The `hold` object is discriminated by its `type` field:

| `hold.type`              | Meaning                                                                                                                                                                                                                        |
| ------------------------ | ------------------------------------------------------------------------------------------------------------------------------------------------------------------------------------------------------------------------------ |
| `senderAttribution`      | A deposit address received crypto from a sender not linked to a counterparty. Carries the inbound `txHash` and `matchableExternalAccountCriteria`; registering a matching `walletExternal` external account releases the hold. |
| `depositAddressFrozen`   | The deposit address is frozen.                                                                                                                                                                                                 |
| `depositAddressInactive` | The deposit address's destination external account became unusable. The `cause` object identifies the external account, its status, and the reason it became invalid.                                                          |

Each hold carries `since`, an optional `deadline`, and `resolvedAt` once cleared.
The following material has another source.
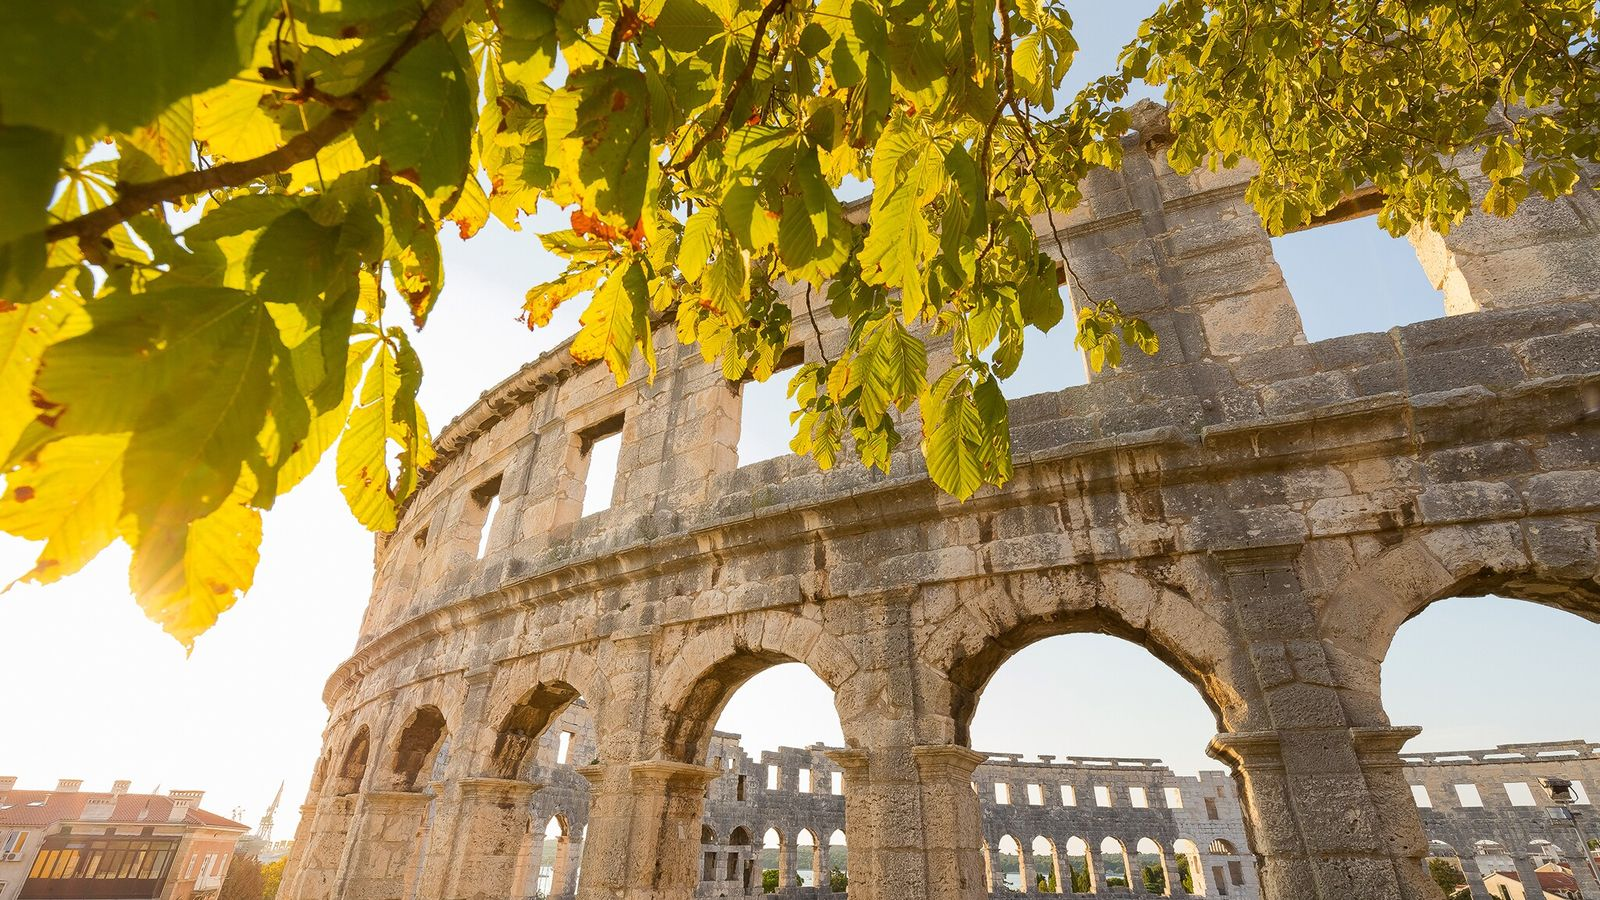 Pula Arena, a Roman amphitheatre that still hosts events today.

**Branch on `status` only.** The optional `subStatus` is a status-scoped string carrying operational detail namespaced by its parent status (for example `processing.fundsPulled`, `processing.cashPickupReady`, or `completed.cashPickupCollected`). Cash off-ramp lifecycle events surface here rather than as top-level statuses, and payout execution does too: `processing.awaitingCryptoOut`, `processing.cryptoOut`, `processing.awaitingFiatOut`, and `processing.fiatOut` track the crypto and fiat out-legs of a payout. Use `subStatus` for display and logging, not for control flow.

## Webhook events

OMS fires a webhook on every meaningful state change. Each delivery carries the full transaction object, so your handler reads the `status` (and, if needed, `subStatus`) directly off the payload. Polling `GET /transactions/{id}` is rarely necessary once webhooks are configured.

Subscribe to events through the Webhooks endpoints or the OMS Dashboard. A subscription is an endpoint URL plus the list of event types you want:

```
POST /webhooks
{
  "url": "https://your-app.example.com/oms/webhooks",
  "events": []
}
```

An empty `events` array (or `["*"]`) subscribes to every event type. The Webhooks endpoints support full CRUD (`GET`/`PATCH`/`DELETE /webhooks/{id}`), and the create response returns a signing secret once, which you use to verify the `Webhook-Signature` header on incoming deliveries.
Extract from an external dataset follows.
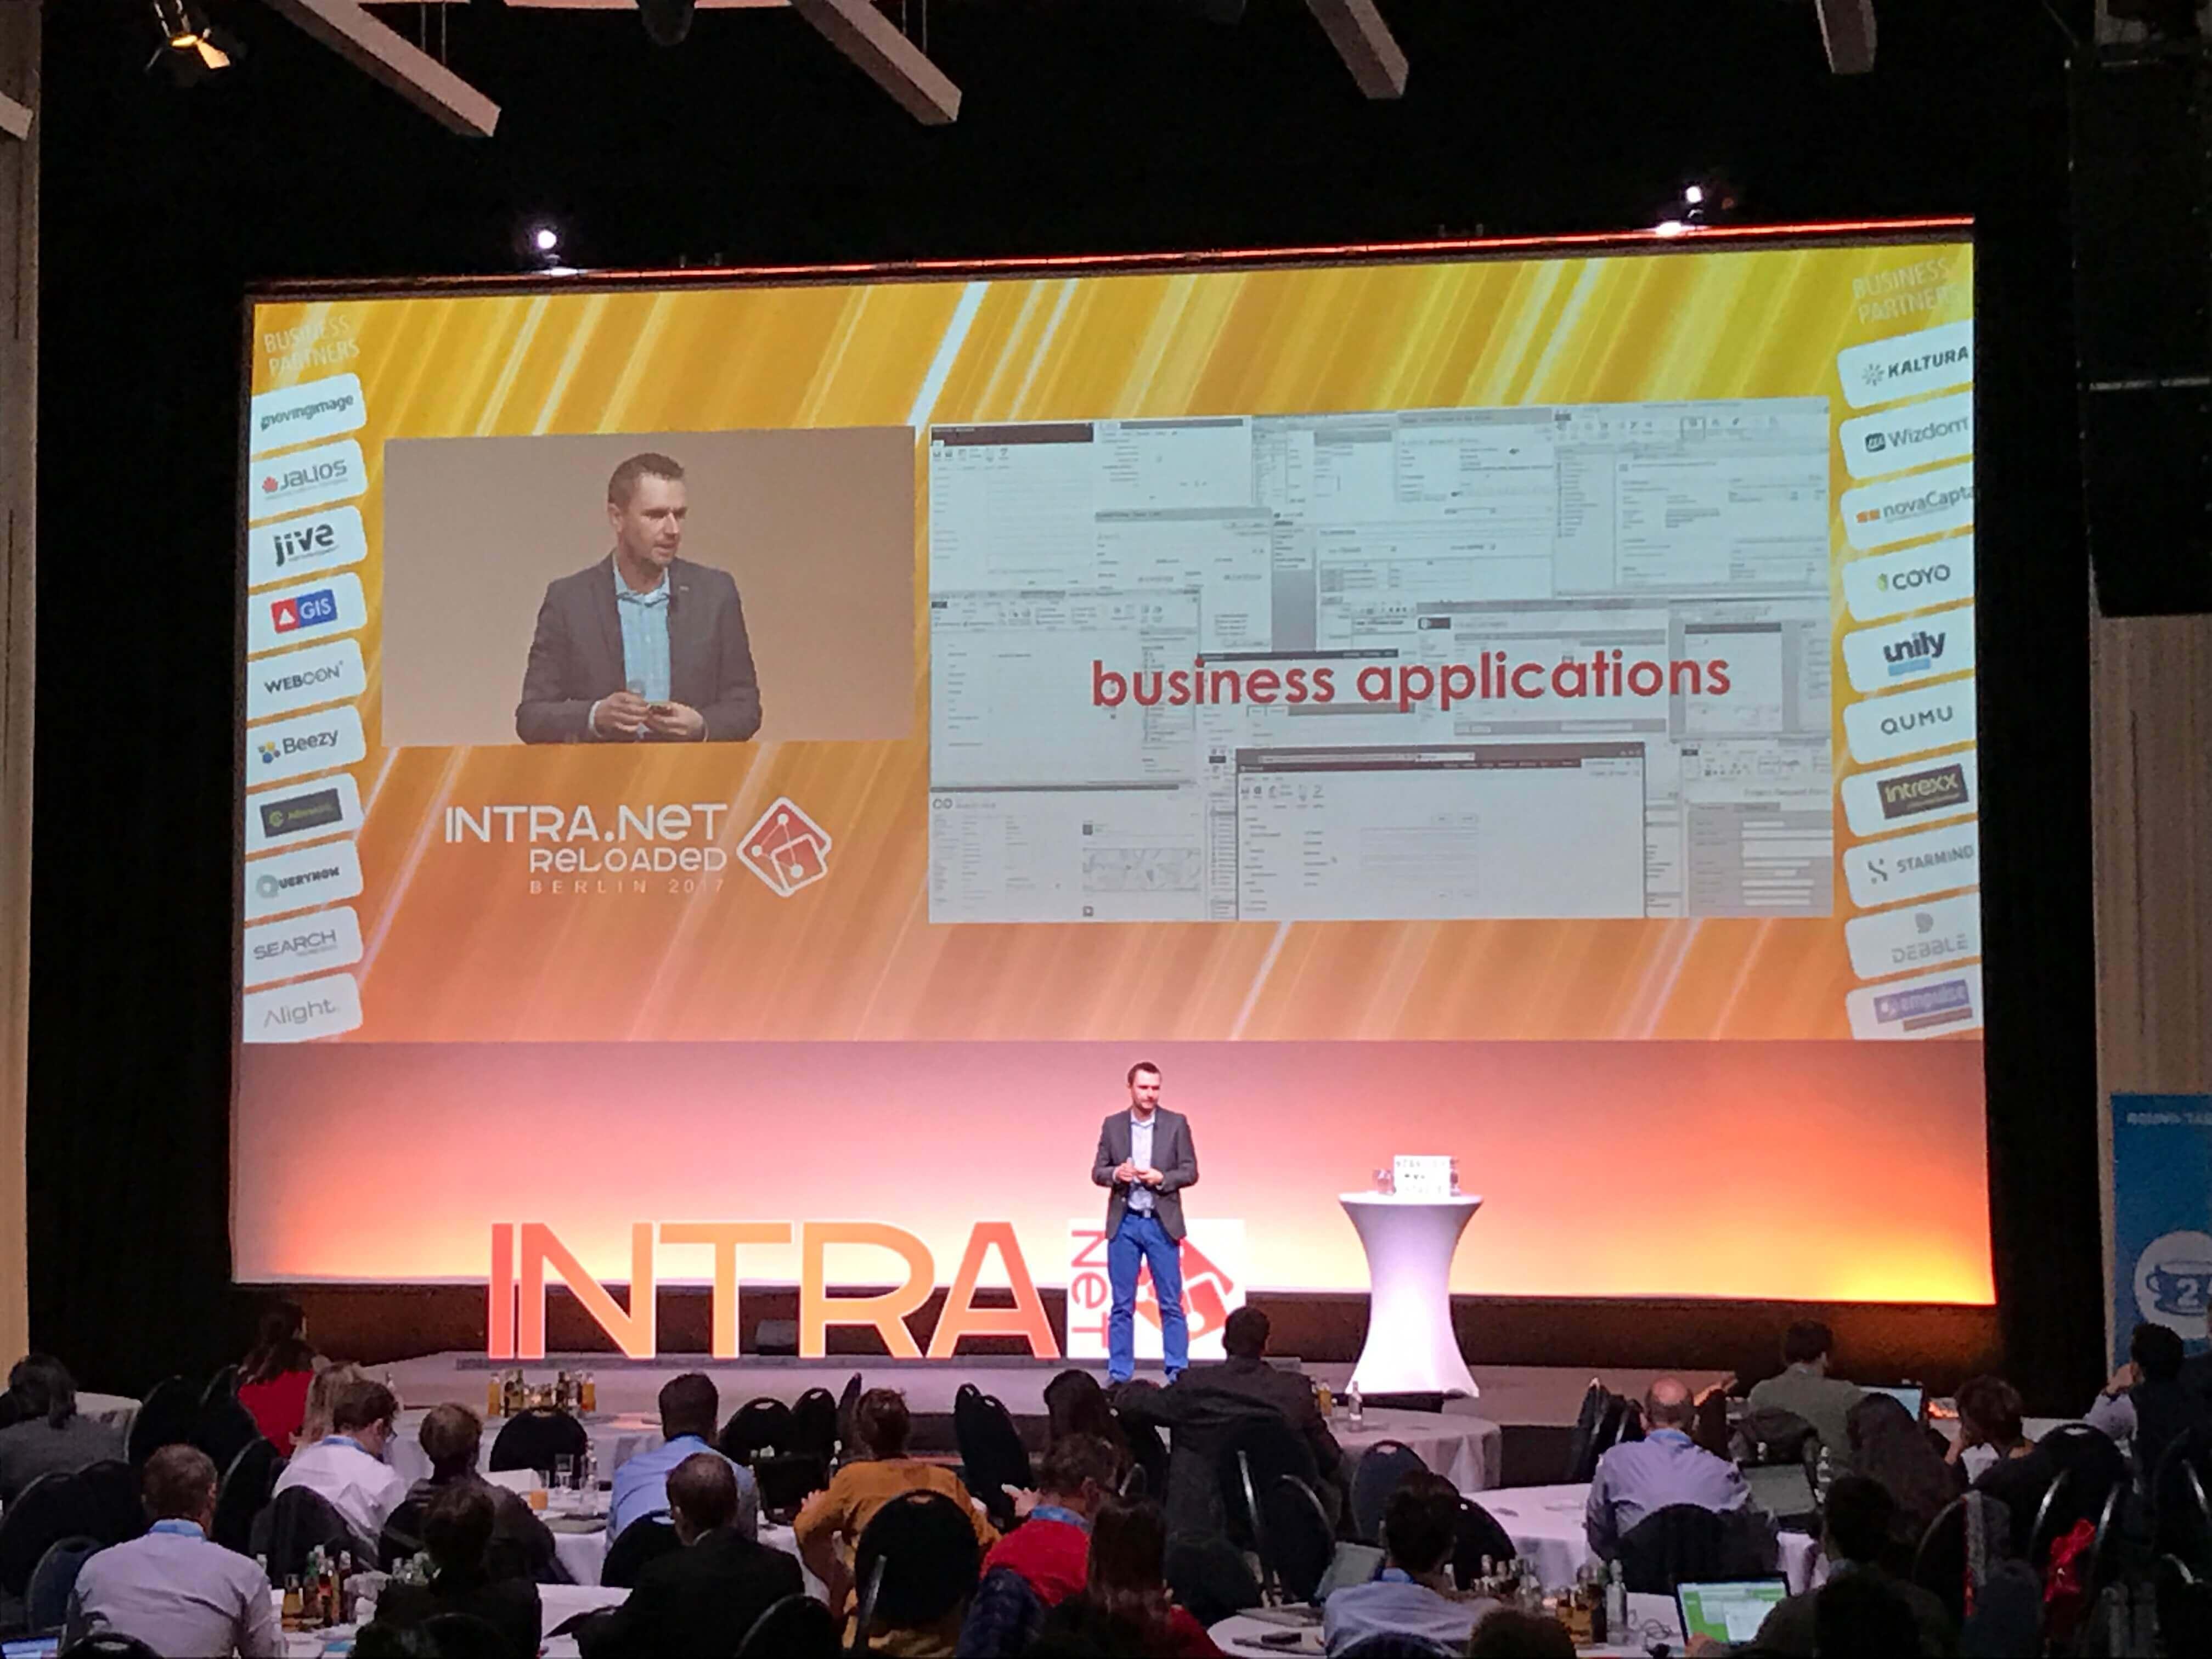 WEBCO BPM presentation at Intra.NET Reloaded Berlin 2017

Transaction events are namespaced by transfer type: `transaction.fiatToCrypto.*`, `transaction.cryptoToFiat.*`, and `transaction.cryptoToCrypto.*`, each with `processing`, `completed`, `failed`, and refund variants (plus `cashPickupReady` and `codeExpired` on the cash payout path). See the [webhook events catalog](/api-reference/webhook-events) for every event type and the delivery envelope.
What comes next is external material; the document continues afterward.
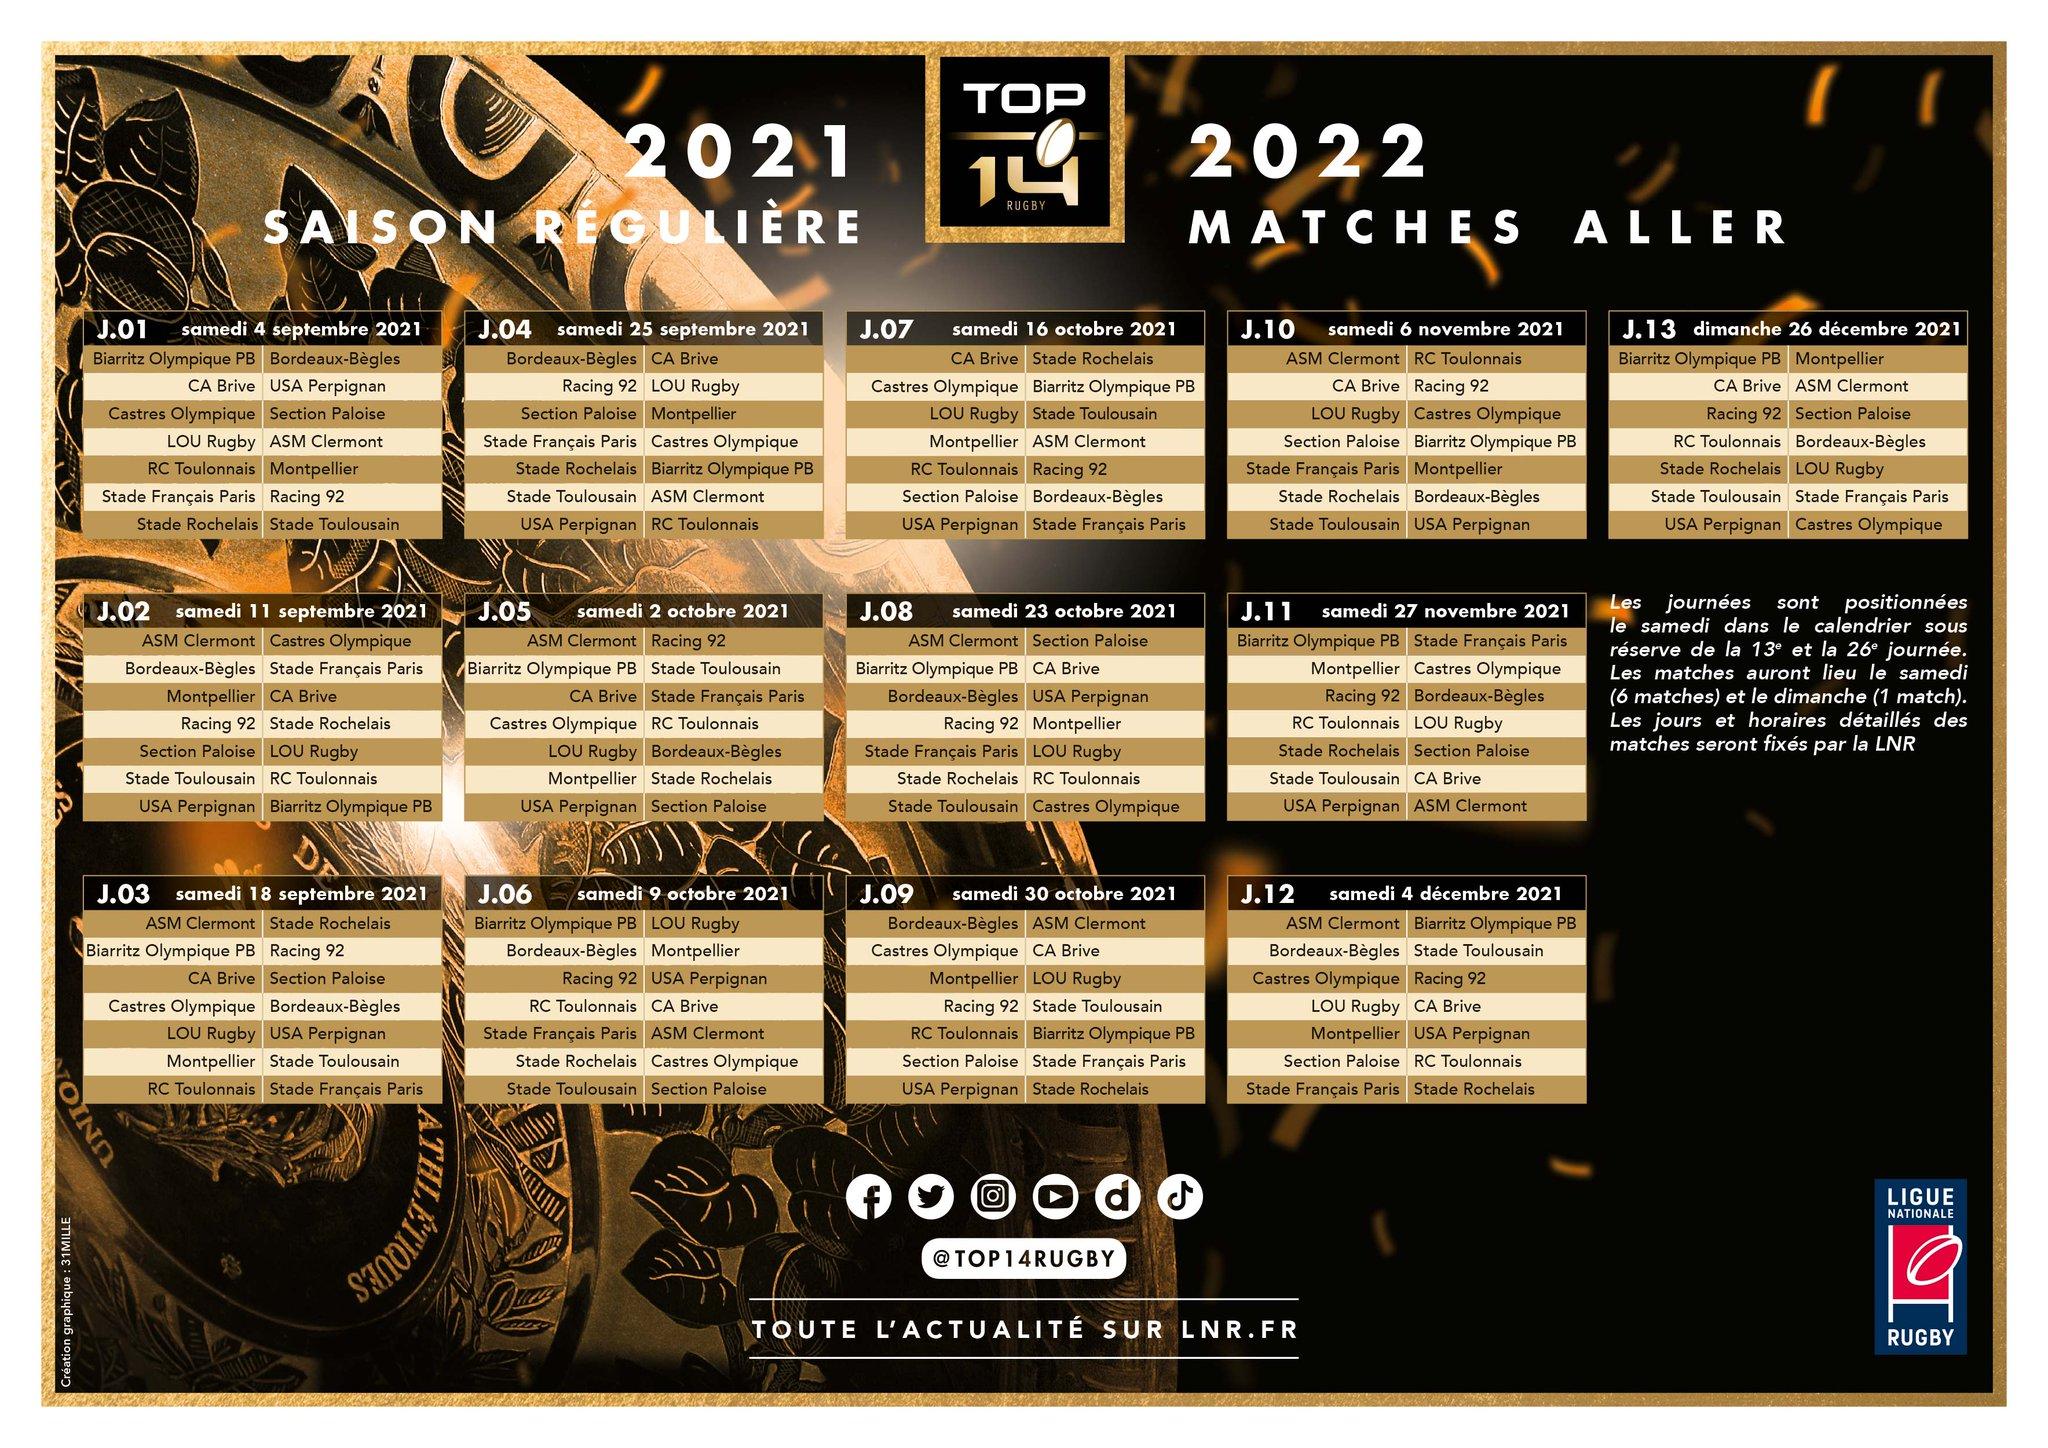 Calendrier 2022 Rugby OFFICIEL. Le calendrier des oppositions du Top 14 2021/2022

## Auto-created transactions

Deposit addresses, virtual accounts, and cash-ins bypass the quote step. OMS creates the transaction internally when funds arrive and moves it directly to `processing`. The same status model and webhook events apply.

## Idempotency

All `POST` endpoints accept an `Idempotency-Key` header. Use a stable key (UUID tied to your internal order ID) to safely retry on network failure. OMS returns the same response for any subsequent request with the same key within the idempotency window.

<Tip>
  Set `Idempotency-Key` on every write request in production. It protects against double-execution without any coordination on your side.